- Opening Delimiter -
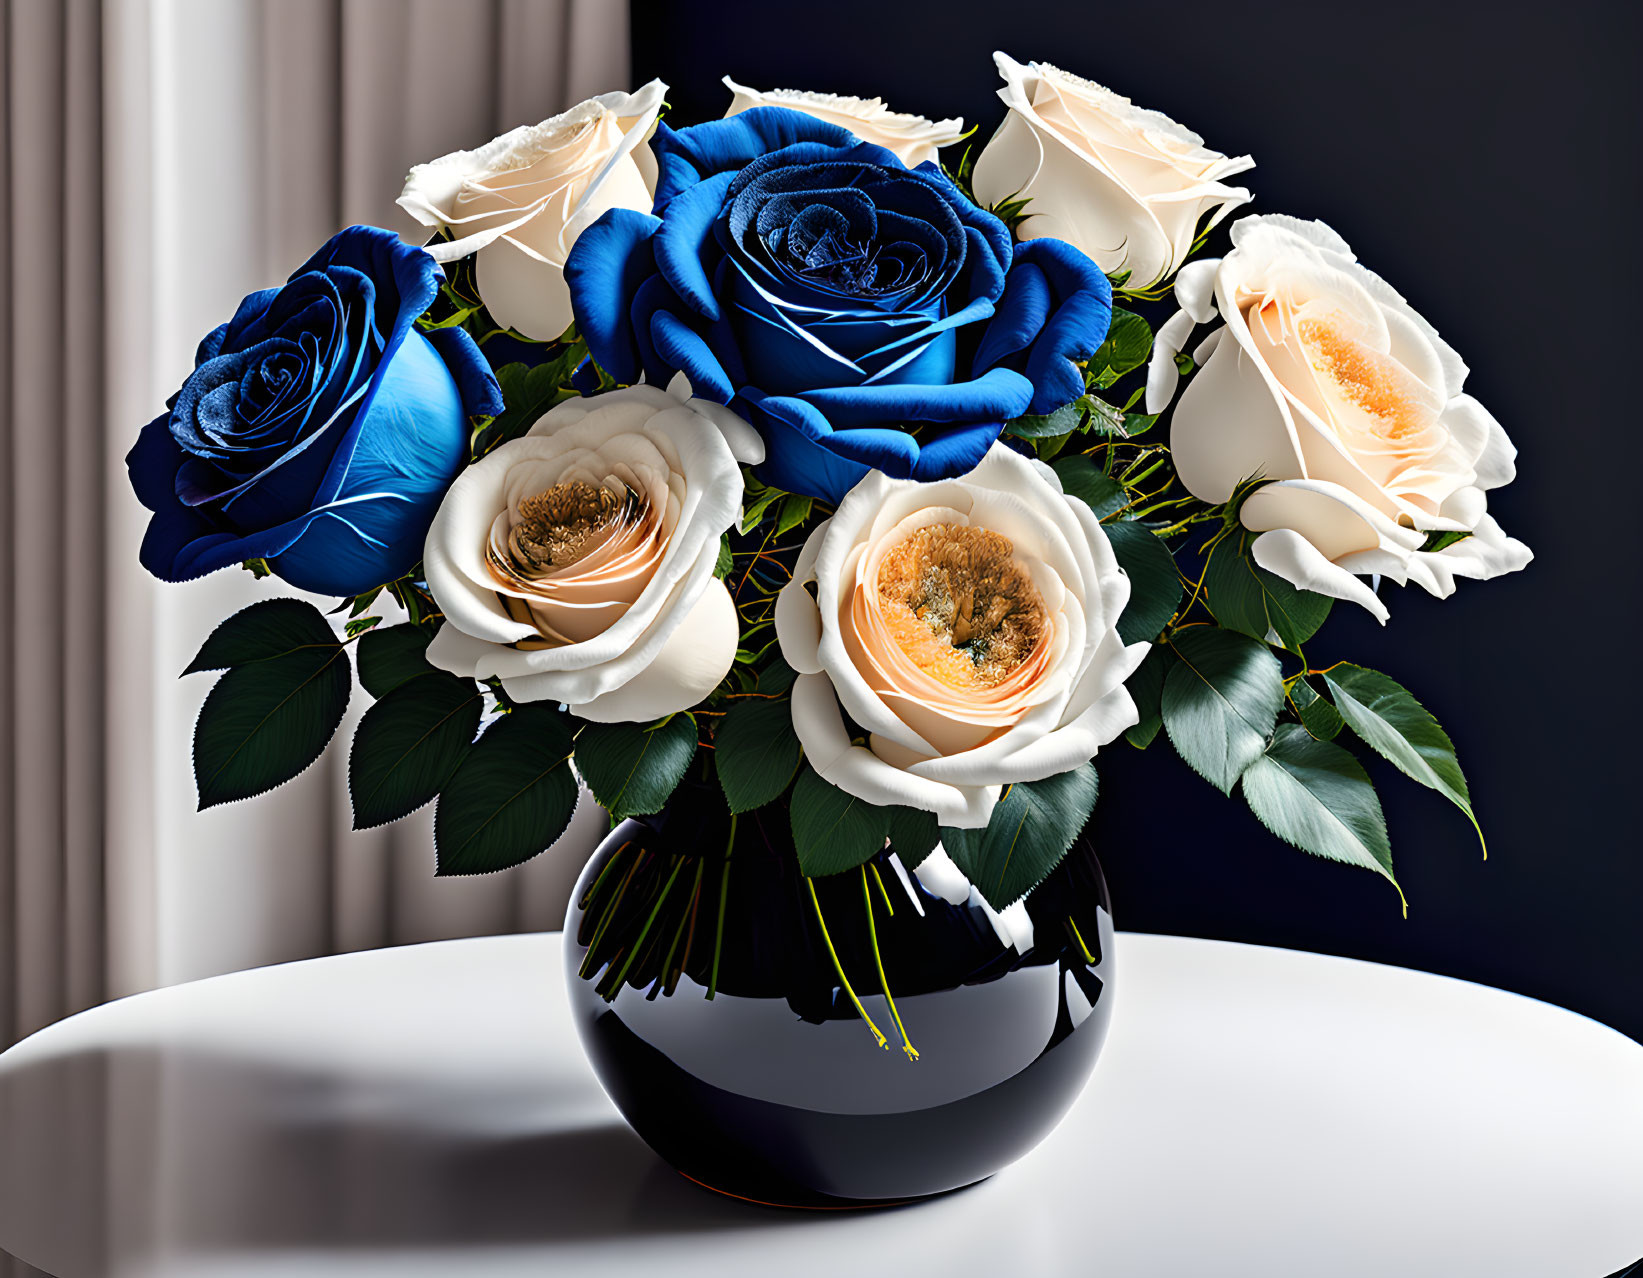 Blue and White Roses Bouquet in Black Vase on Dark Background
- Closing Delimiter -
- Opening Delimiter -
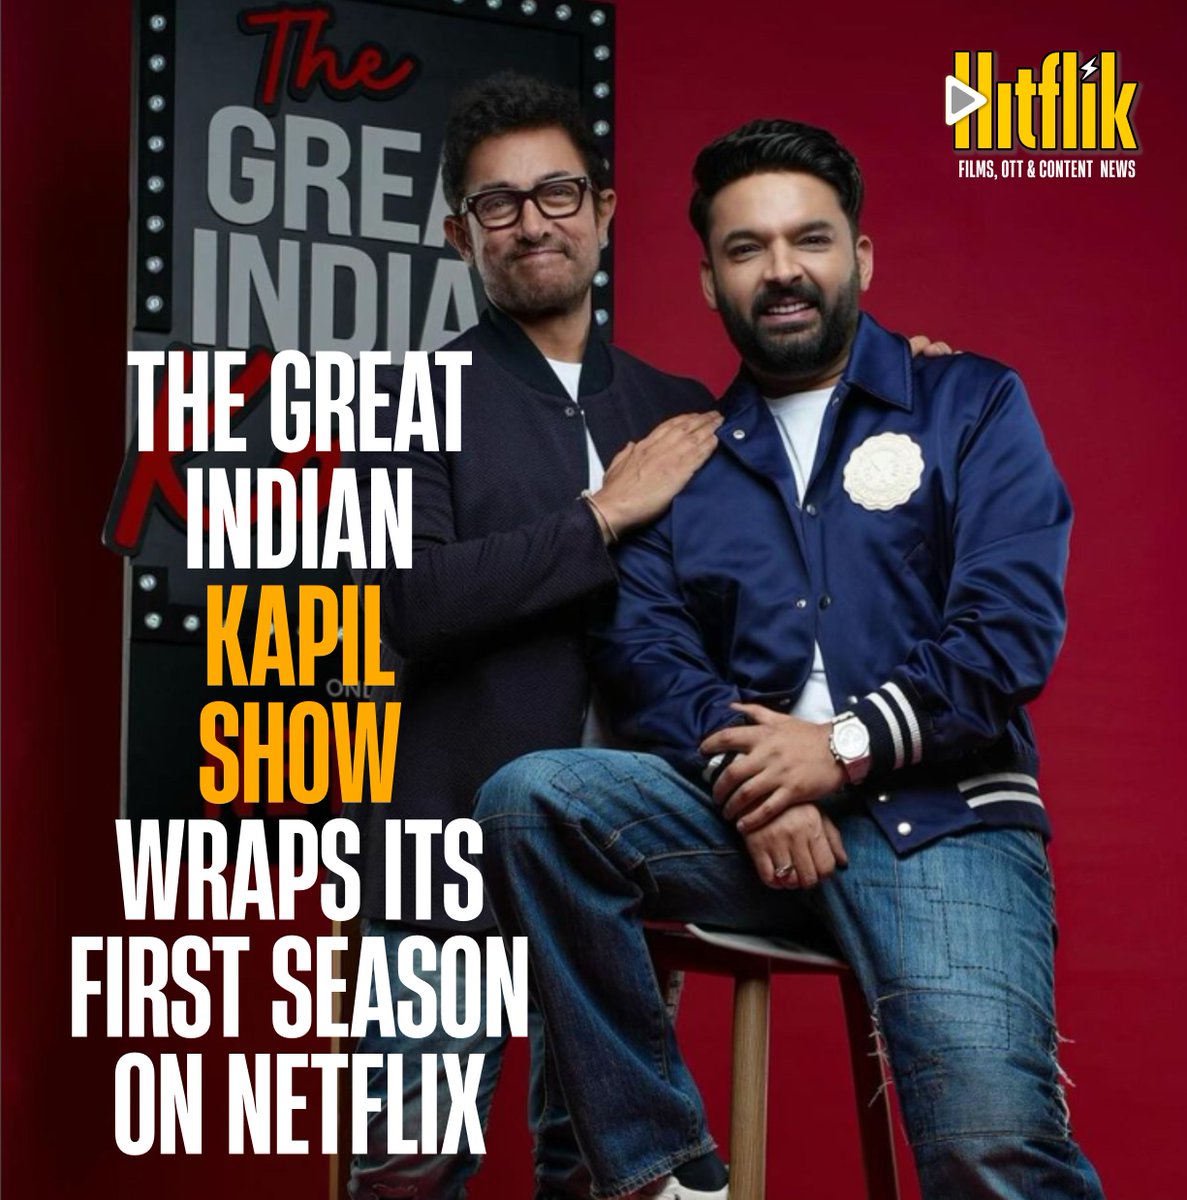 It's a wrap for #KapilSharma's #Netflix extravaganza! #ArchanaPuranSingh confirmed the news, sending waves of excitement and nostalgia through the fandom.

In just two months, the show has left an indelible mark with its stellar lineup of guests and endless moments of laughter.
- Closing Delimiter -
Goal of the exercise: Give the lines above again exactly, from the one containing "It's a wrap" to the one containing "In just two", both included, but leave out the pictures.

Answer to this task:
 It's a wrap for #KapilSharma's #Netflix extravaganza! #ArchanaPuranSingh confirmed the news, sending waves of excitement and nostalgia through the fandom.

In just two months, the show has left an indelible mark with its stellar lineup of guests and endless moments of laughter.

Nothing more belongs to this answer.